Download graph analysis and visualization discovering business opportunity in linked data in pdf or read graph analysis and visualization discovering business opportunity in linked data in pdf online books in PDF, EPUB and Mobi Format. Click Download or Read Online button to get graph analysis and visualization discovering business opportunity in linked data in pdf book now. This site is like a library, Use search box in the widget to get ebook that you want.

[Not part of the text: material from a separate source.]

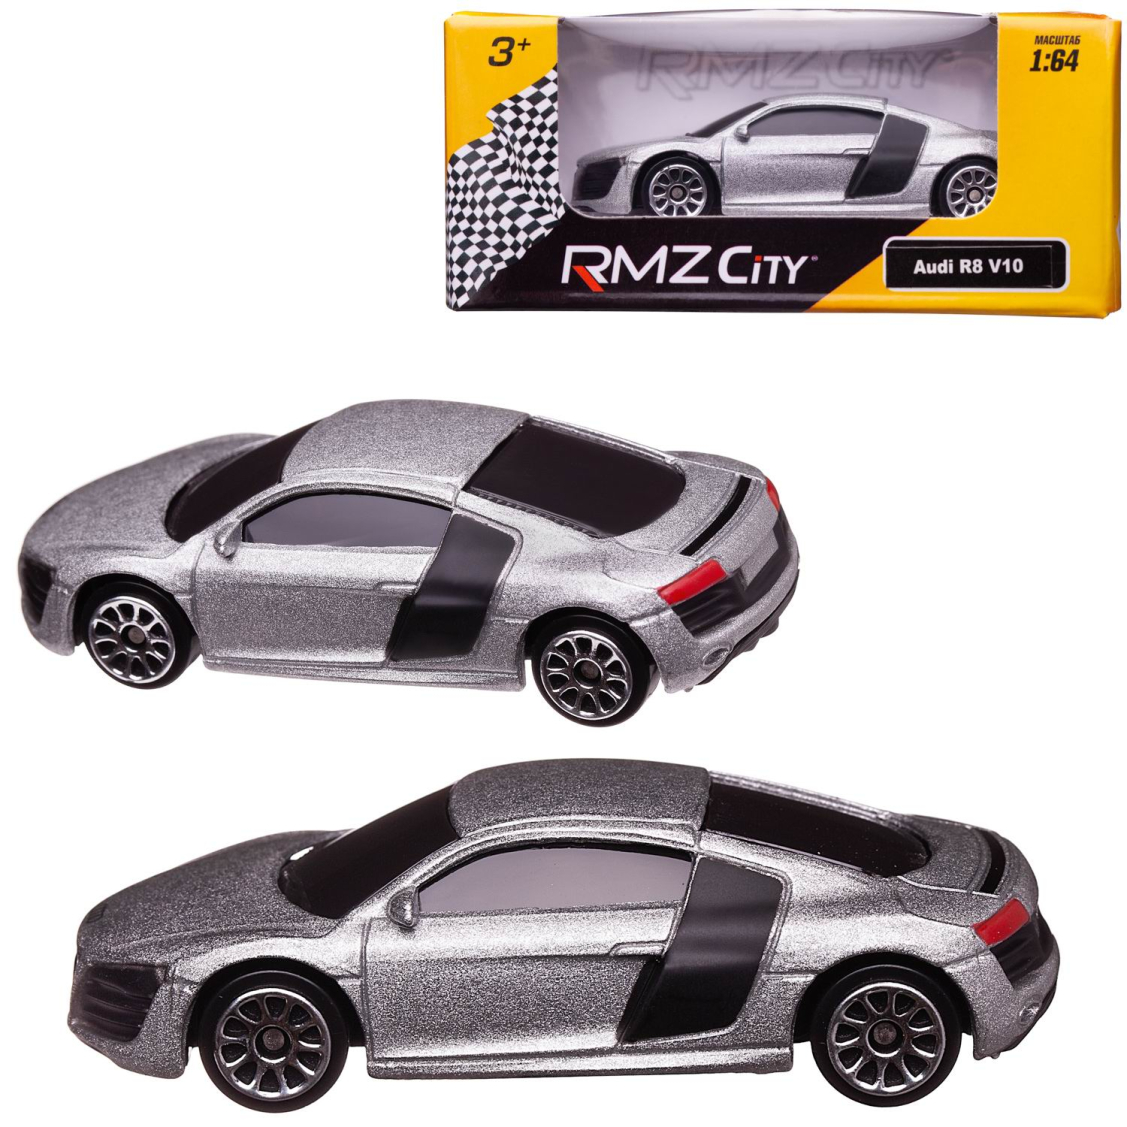 Машинка металлическая Uni-Fortune RMZ City 1:64 Audi R8 V10, без механизмов, (серебристый)
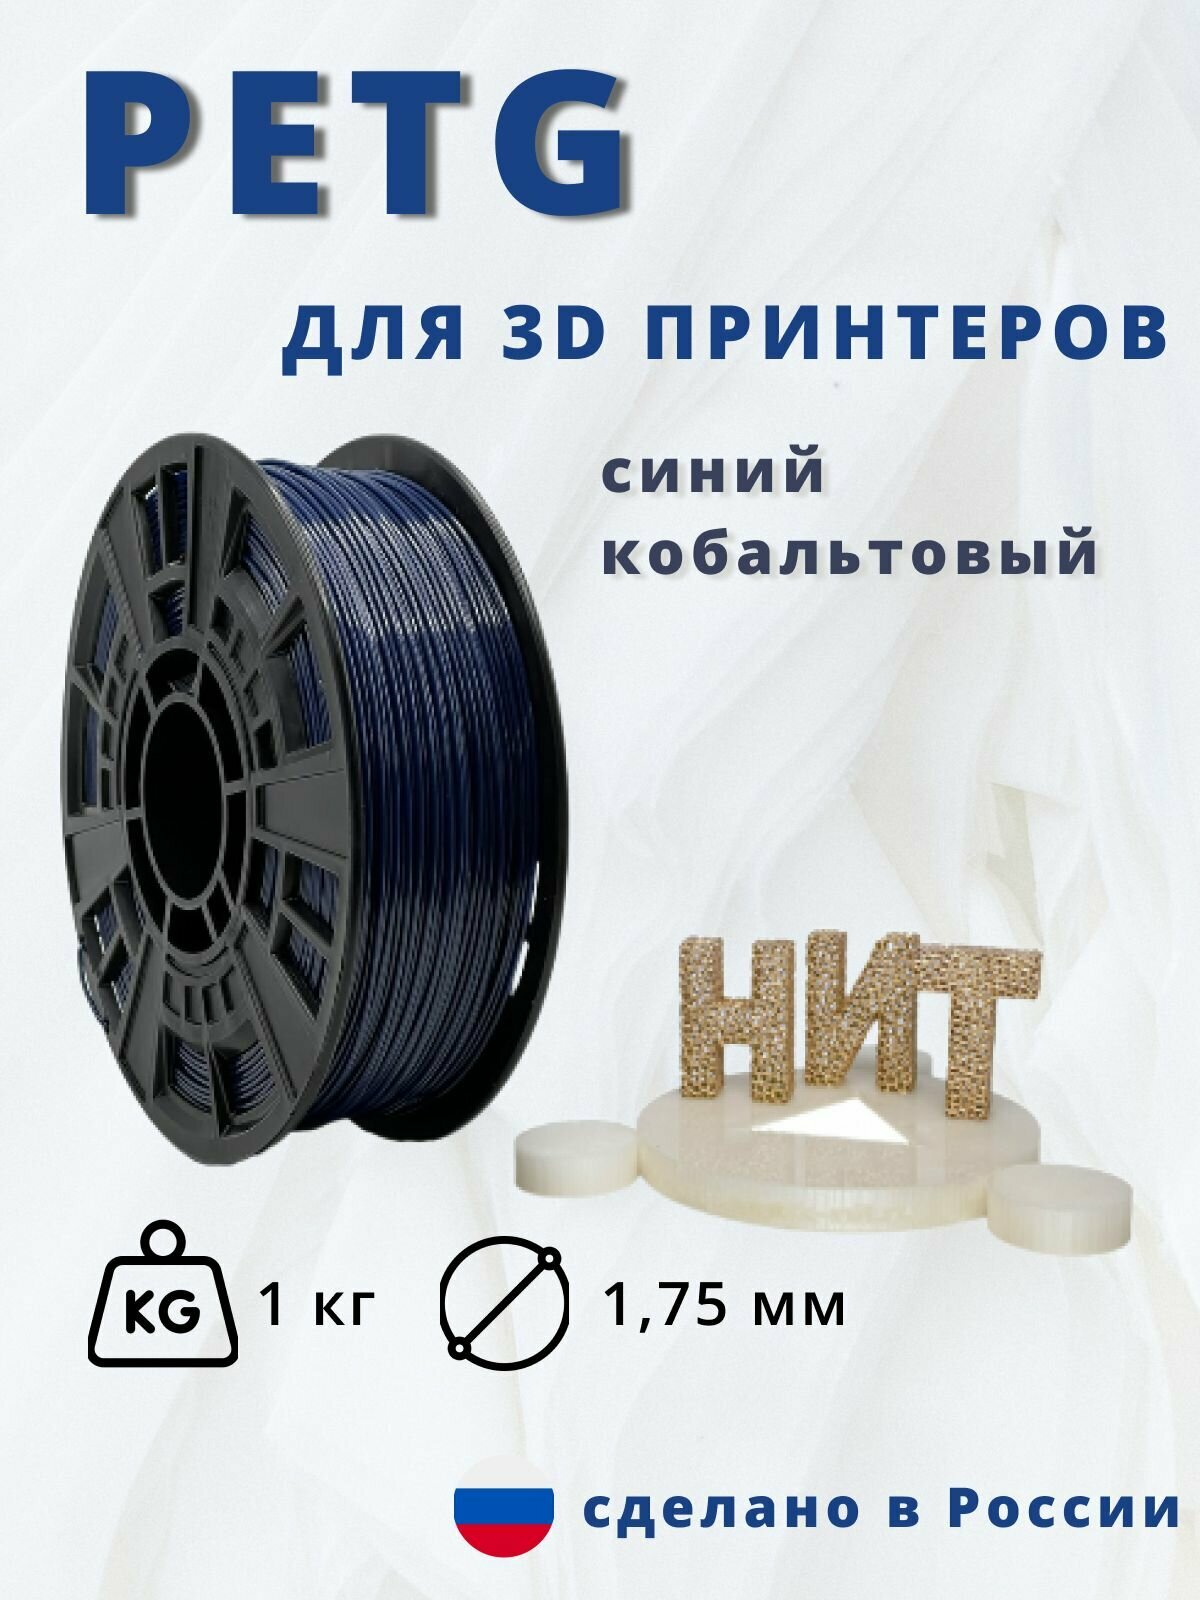 Пластик для 3D печати "НИТ" Petg синий кобальтовый 1 кг.

Graph Analysis And Visualization

Author: Richard Brath
Publisher: John Wiley & Sons
ISBN: 1118845870
Size: 66.39 MB
Format: PDF, Mobi
View: 4081
Download and Read
Wring more out of the data with a scientific approach toanalysis Graph Analysis and Visualization brings graph theory outof the lab and into the real world. Using sophisticated methods andtools that span analysis functions, this guide shows you how toexploit graph and network analytic techniques to enable thediscovery of new business insights and opportunities. Published infull color, the book describes the process of creating powerfulvisualizations using a rich and engaging set of examples fromsports, finance, marketing, security, social media, and more. Youwill find practical guidance toward pattern identification andusing various data sources, including Big Data, plus clearinstruction on the use of software and programming. The companionwebsite offers data sets, full code examples in Python, and linksto all the tools covered in the book. Science has already reaped the benefit of network and graphtheory, which has powered breakthroughs in physics, economics,genetics, and more. This book brings those proven techniques intothe world of business, finance, strategy, and design, helpingextract more information from data and better communicate theresults to decision-makers. Study graphical examples of networks using clear and insightfulvisualizations Analyze specifically-curated, easy-to-use data sets fromvarious industries Learn the software tools and programming languages that extractinsights from data Code examples using the popular Python programminglanguage There is a tremendous body of scientific work on network andgraph theory, but very little of it directly applies to analystfunctions outside of the core sciences – until now. Writtenfor those seeking empirically based, systematic analysis methodsand powerful tools that apply outside the lab, Graph Analysisand Visualization is a thorough, authoritative resource.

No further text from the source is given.